А в это время Арье Цап расхаживает по большому дровяному рынку, протискивается и пробирается между подвод и телег, груженных всяким лесным товаром, справляется, как добрый знакомый, о здоровье стариков-крестьян, которые стоят поблизости, добродушно шутит с молодыми, того дернет за ухо, этого щелкнет по носу, а там забавляет их грубыми шутками, как бы невзначай пощупает мешок на одной телеге, тюк на другой, одну лошадь потреплет по животу, другой посмотрит в зубы – кажется, будто у него и в мыслях нет ни дров и ничего такого, будто он затем только и пришел, чтобы расспросить их о здоровье и с ними покалякать. Между тем вокруг уже собирается кружок крестьян. Снова приветствия, вопросы и разговор о том, отелилась ли уже корова Петра, ожеребилась ли лошадь Митрия (Арье хорошо знает, как идут дела у многих крестьян), о прошлогоднем снеге, о предстоящей ярмарке; Арье тем временем лезет мужику в грязный карман, берет оттуда табаку, листок бумаги, крошит и закуривает – не то, чтобы табак доставлял Арье удовольствие, а чтоб еще больше подкупить крестьян простотой и особой симпатией, которую он им выказывает.

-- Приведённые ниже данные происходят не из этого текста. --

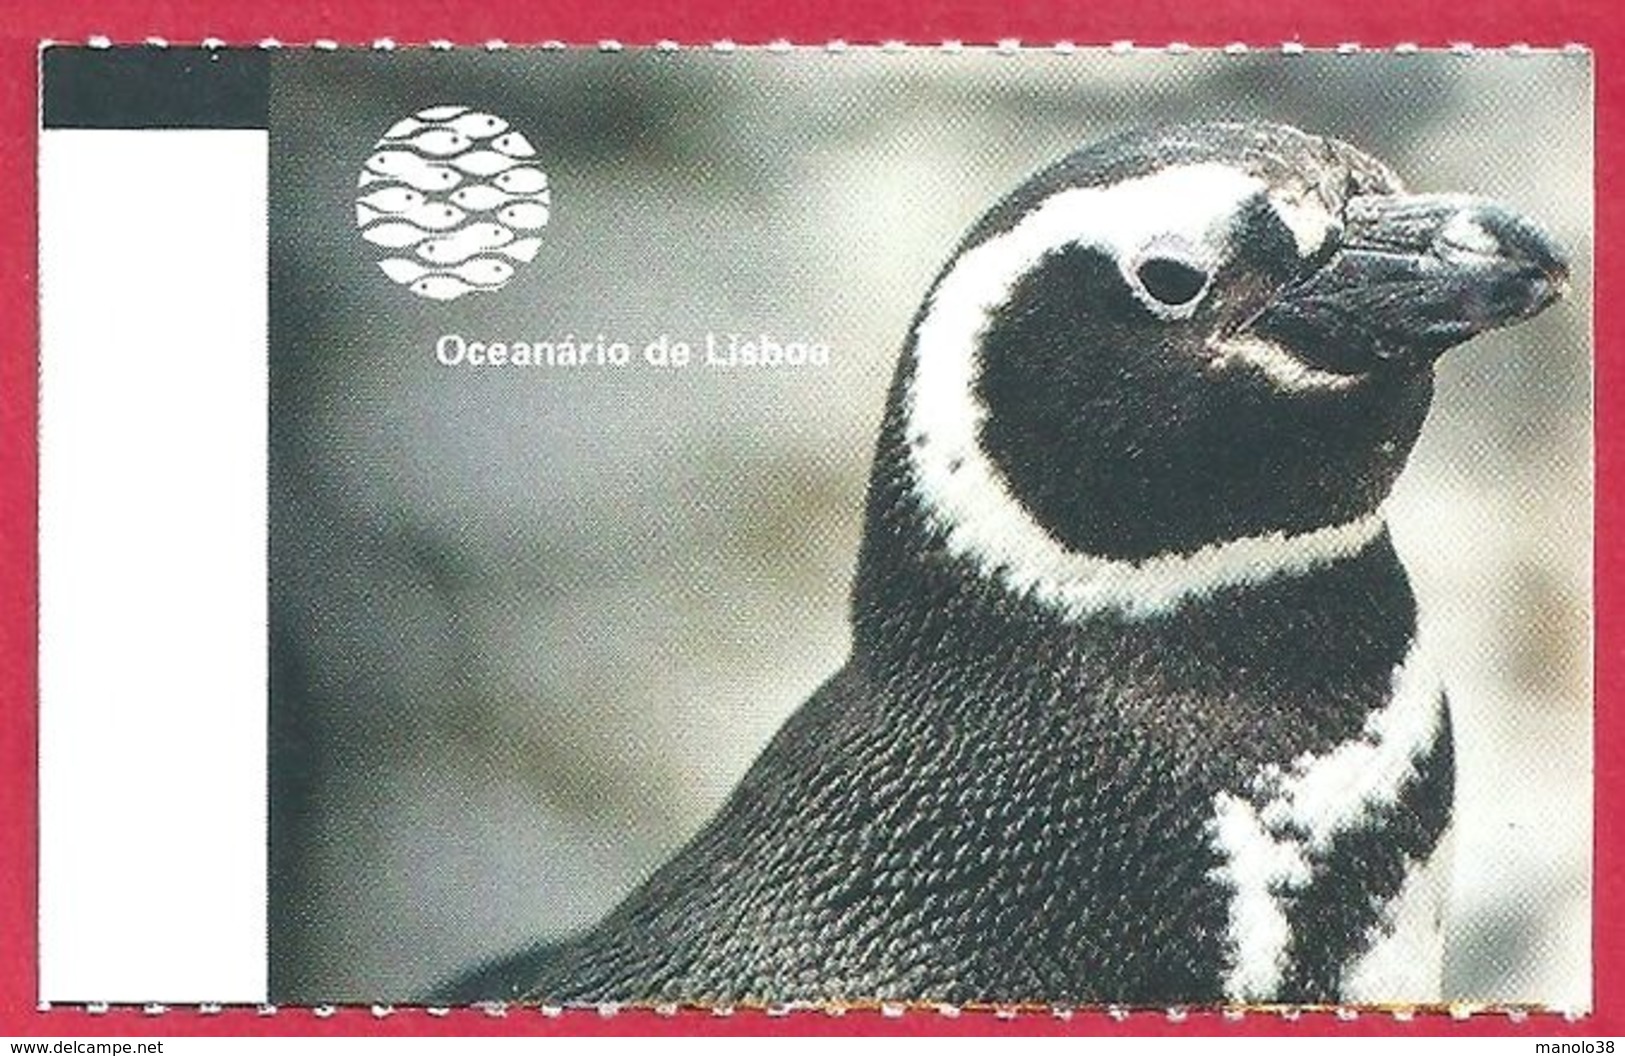 Ticket De L'aquarium De Lisbonne. Portugal. Visuel: Un Manchot Du Cap. 2019. - Tickets D'entrée

Мало-помалу поток красноречия Арье все сильней, язык его все больше развязывается, речи льются рекой, и в ней тонет он сам: начинает рассуждать о еврейских обычаях, которые он любит высмеивать к вящему удовольствию крестьян: о пасхальном седере, о других праздниках, выбирая то, что может рассмешить и удивить его слушателей. Особенно он смакует те обычаи, которые стоят евреям денег, расписывает приготовления к Пасхе, раздачу пожертвований в канун Судного Дня, показывая, как тяжела жизнь еврея, с какими расходами и бесчисленными тратами она сопряжена. «Так-то, добрые люди, – кончает Арье свой рассказ, – у нас не так, как у вас. У нас на каждом шагу законы. Наши расходы куда больше ваших». Подобными разговорами Арье притягивает к себе крестьян, притягивает, притягивает, пока не притянет вместе с телегами и товарами на свой двор. Сделка у него заключается сразу, он улучает подходящий момент среди перескакивающей с одного предмета на другой беседы – и десять телег всякого добра с шумом и скрипом отправляются с базара к складам Арье в сопровождении одного из его сыновей.
VII
Но не бывает правил без исключений. Не всегда удается Арье мирно уйти с базара. Бывает, что базар доставляет ему большие неприятности и хлопоты, о которых он помнит не один день. Прискорбнее всего, когда Арье сталкивается с Алтером Курицей… Но здесь я должен прервать свое повествование и рассказать вкратце, кто таков этот Алтер Курица.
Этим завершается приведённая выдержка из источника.